É a isso que chamamos de “insônia” e “sonho”. Alguém pode muito bem assumir como prerrogativa o pleno esclarecimento, a saída do espetáculo, a saída do sonho ideológico; mas isso não é mais que o aprofundamento da insônia, um corpo que já não pode rir, um estado de negação absoluta que se tornou ascese contínua e perseverante. A grande questão é se esse esforço é suficiente para pôr em questão a predominância da besteira naquilo que consumimos por espontaneidade e gozo ou passividade insociável como cultura. Não tenho a escolha de não ouvir “sertanejo universitário”, “MPB” ou “Funk”, gostando de “Heavy Metal”. Não importa o que eu goste ou não, o Youtube, o Facebook, o meu vizinho, o colega de trabalho me fará saber da existência de, ao menos, um fragmento do que está no topo das “paradas de sucesso”. Como dizia Kant (2012), a universalidade do “gosto” se define pela sua comunicabilidade que parte de um sujeito que pressupõe assentimento, esse que pode ser mais suscetível de ocorrer diante da natureza, do que da arte. É mais difícil, aparentemente, universalizar um gênero musical, quanto menos popular ele seja – seu apreciador se torna um “outsider”, embora o “outsider” seja também assimilado ao mercado. É vã a tentativa de enunciar um “gosto universal” distinto das massas, no gosto privado permanecerá um “outro incômodo” enquanto recusarmos a pensar a besteira inerente ao nosso sentido mesmo de “gosto”, como algo intrínseco as nossas próprias distinções de gosto. Pensá-la, como queria Deleuze (2006), como um “problema transcendental”.
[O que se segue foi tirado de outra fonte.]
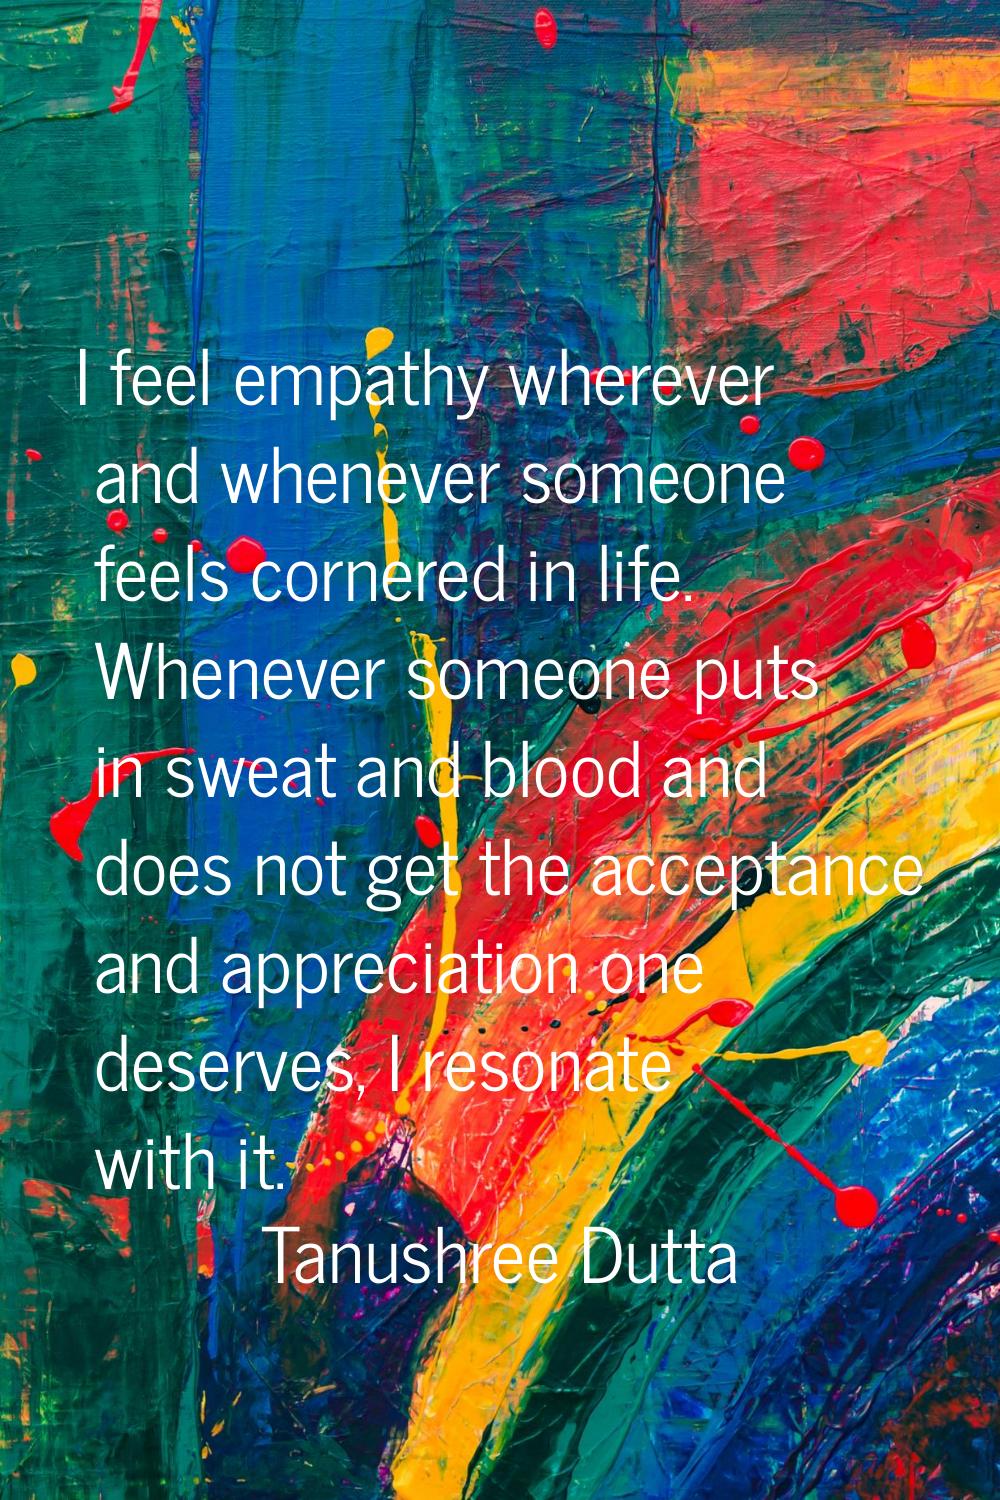 I feel empathy wherever and whenever someone feels cornered in life. Whenever someone puts in sweat

O problema é que vemos a besteira desde “fora”. O “besta” é o que nada sabe dos progressos da razão, ele parece “tosco”, “jocoso”, “belicoso”, “sensualista”. Queremos levá-lo a um senso comum que “nós” os “esclarecidos” pressupomos que todo mundo há de ter, se tem “bom senso” mínimo. Moralização do conhecer que faz do aprender uma adesão a língua oficial do Estado, da Igreja, dos valores estabelecidos. A “besteira” não é um algo de “fora da cultura”, se é o seu “fora” é porque é indissociável da sistematização das partilhas de espectadores que constroem na miséria e na dor, na alegria e no gozo a aventura humana. A besteira é inumana, mas nós a humanizamos e desumanizamos com igual violência. Os populismos de direita são tão “bestas” quanto os de esquerda, não é a posição ideológica aquilo que qualifica a besteira em seu sentido afirmativo, mas a disponibilidade de um corpo para o aprendizado. As apostas ideológicas são paixões que tentam, por vezes, se tornar esclarecidas, universalizar o seu verdadeiro. Longe de superar a besteira, facilmente fazem dela um “modo de vida”. Há besteira até mesmo na pretensão de estar acima de uma “besta de carga”, assim como na presunção de “superioridade moral” de uma visão política – é sobretudo aí que a besteira é intensificada no seu sentido negativo.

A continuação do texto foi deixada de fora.